Li Xiao-Ming, Han Ji-Chang, Li Juan
Guang Pu Xue Yu Guang Pu Fen Xi. 2014 Apr;34(4):1081-4.
Hysperspectral inversion of soil salinity was researched in the present paper with the chosen study object of typical semiarid area in North Shaanxi Province. The studying sites were selected, the hyperspectral data were collected, and the soil samples were taken back for experiment analysis. The reflectance of soils (R), the logarithm of the reciprocal of the reflectance (Log(1/R)) and the continual removed reflectance (R(cr)) were used to research the soil salinity. The correlations between the hyperspectral character and soil salinity was studied to filter the characteristics bands. Then the partial least squares regression (PLSR) was used to study the inversion model of soil salinity with Matlab program, and the precision was compared with the verifying sites. The research result showed that the root mean square error (RMSE) of the inversion with R(cr) was the least (1.253 < 1.367 < 1.575), and its precision was the best; the correlation between the predicted value and the measured value was well (r2 = 0.761), the trend line was near y = x. In conclusion, the quantificational inversion model with the variables of R(cr) establised by PLSR was well, which will improve the survey efficiency of soil salinity.

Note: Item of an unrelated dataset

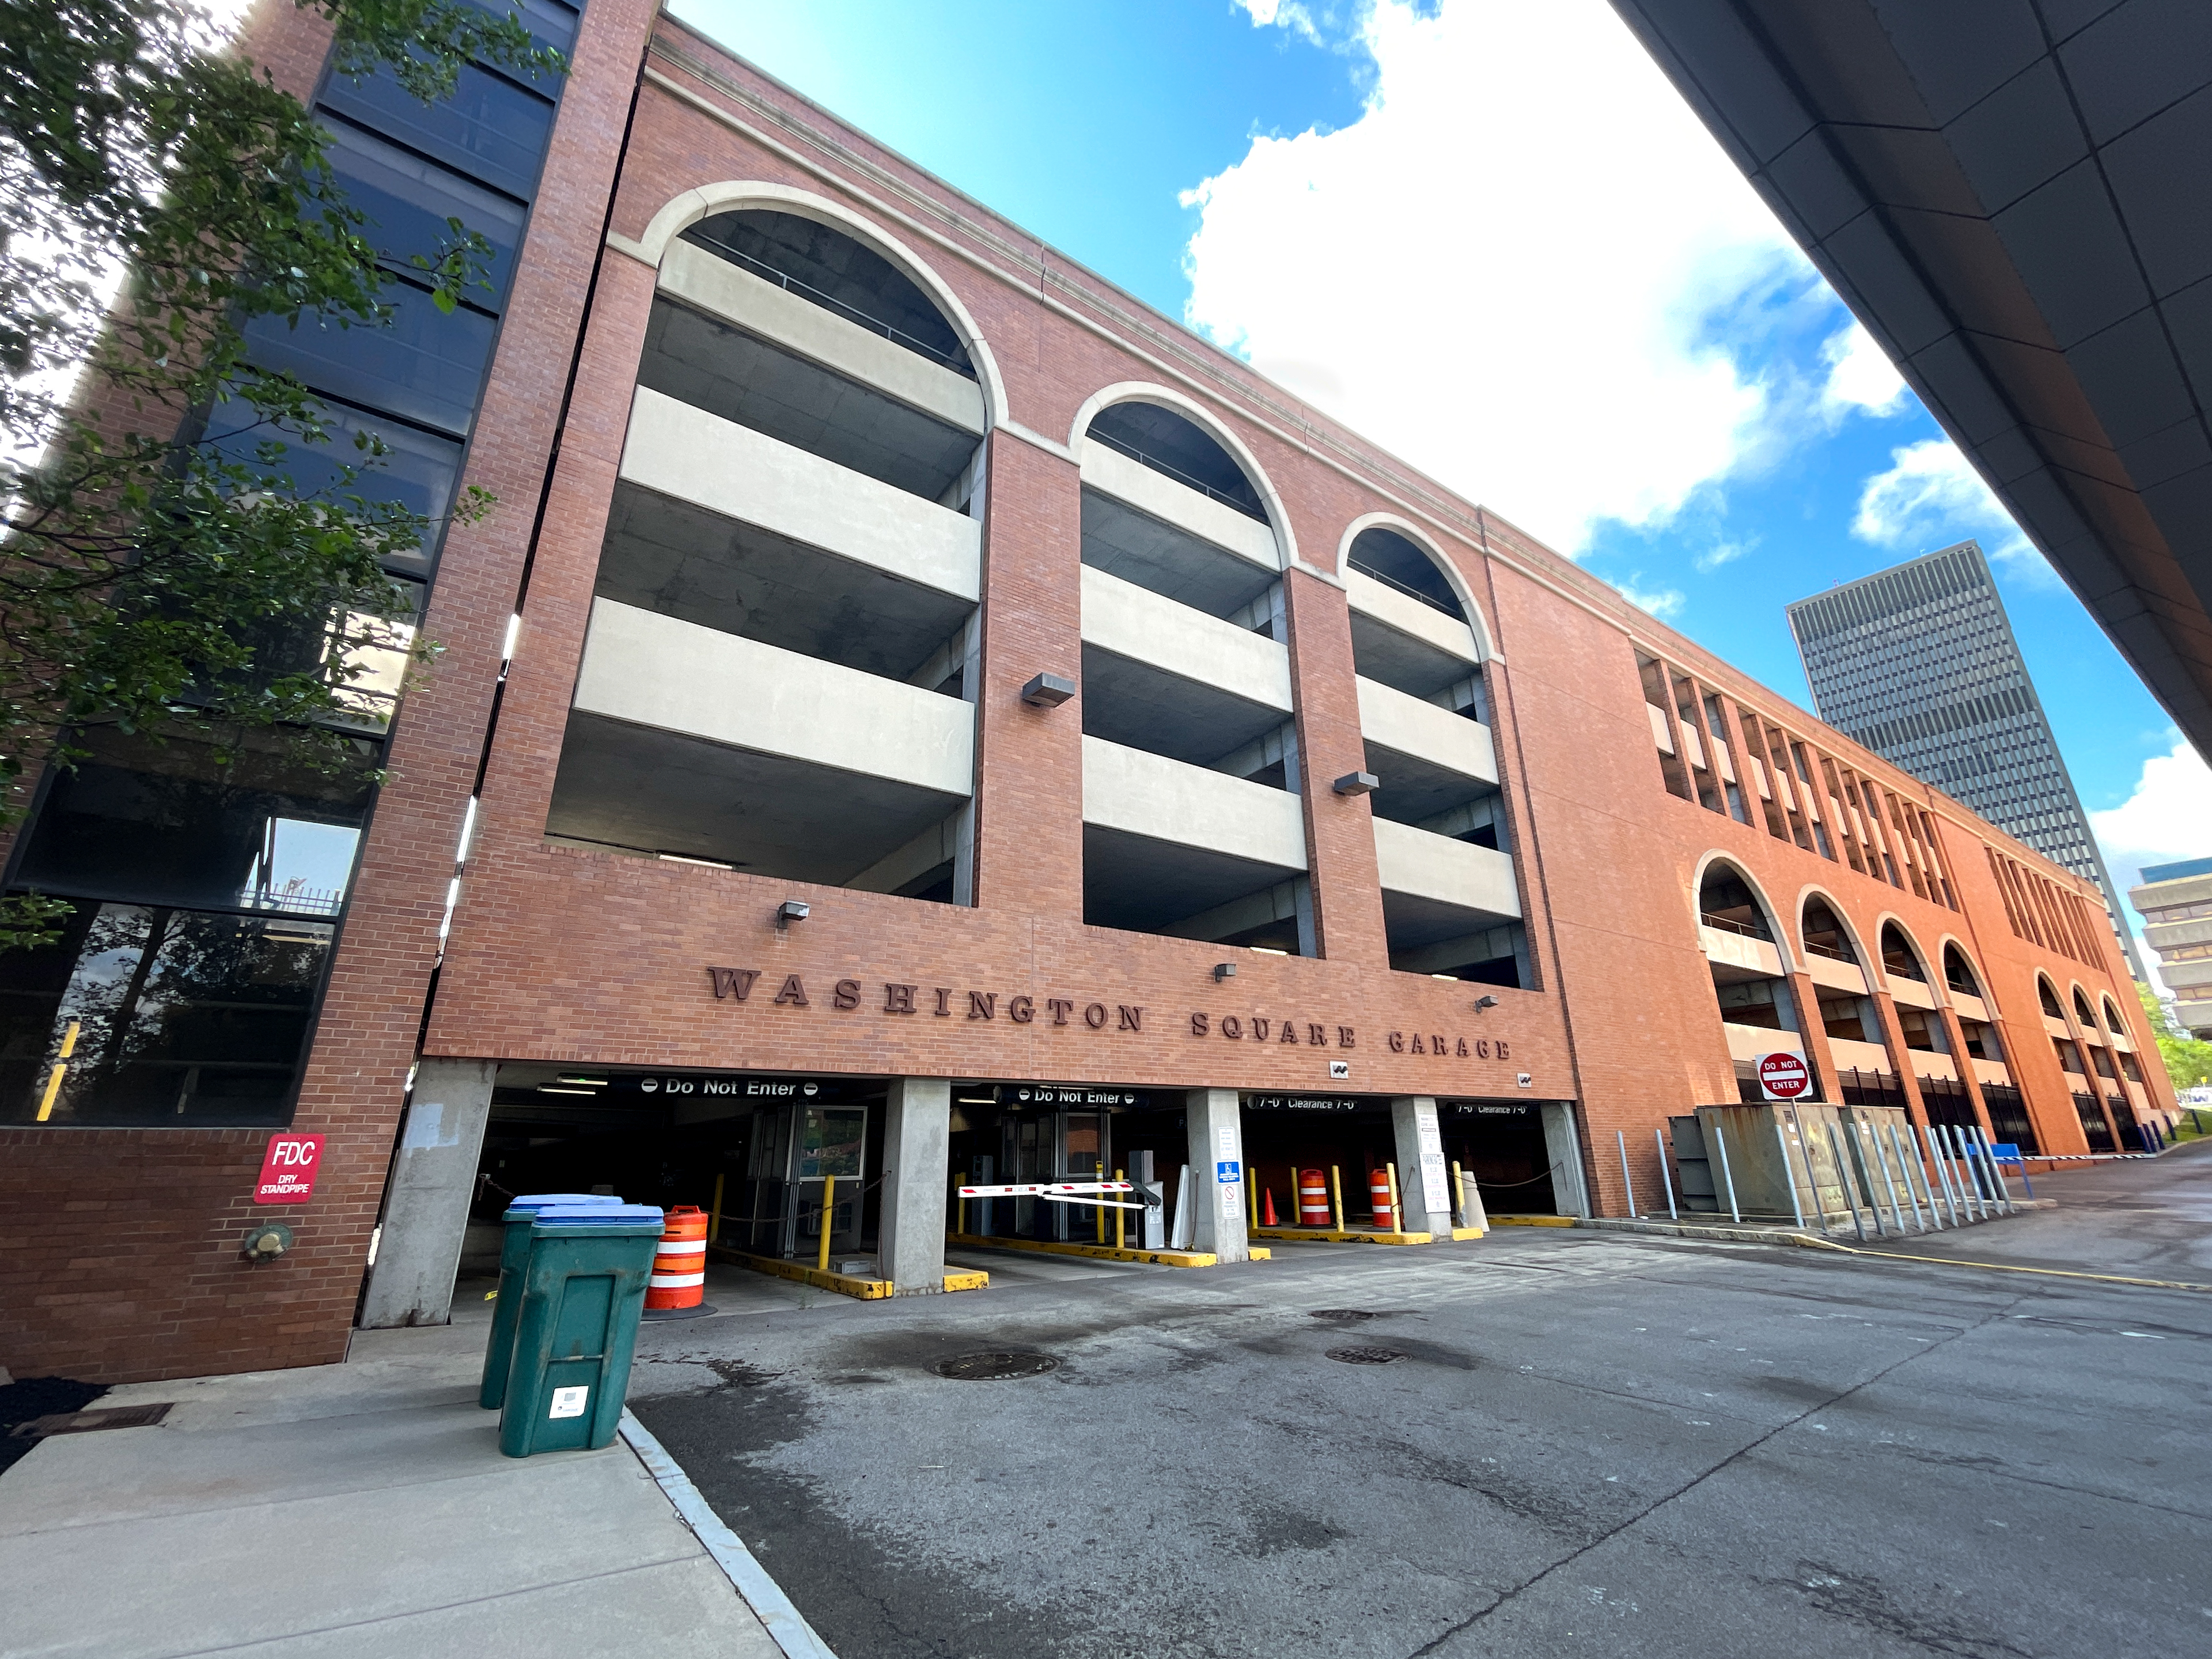 Photo of Washington Square Garage in Downtown Rochester.

本文以陕北典型半干旱地区为研究对象,开展了土壤盐分的高光谱反演研究。选取了研究地点,采集了高光谱数据,并带回土壤样本进行实验分析。利用土壤反射率(R)、反射率倒数的对数(Log(1/R))和连续统去除反射率(R(cr))来研究土壤盐分。研究了高光谱特征与土壤盐分之间的相关性,以筛选特征波段。然后利用Matlab程序,采用偏最小二乘回归(PLSR)研究土壤盐分反演模型,并与验证点进行精度比较。研究结果表明,利用R(cr)进行反演的均方根误差(RMSE)最小(1.253 < 1.367 < 1.575),精度最佳;预测值与实测值之间相关性良好(r2 = 0.761),趋势线接近y = x。综上所述,利用PLSR建立的以R(cr)为变量的定量反演模型效果良好,将提高土壤盐分的测量效率。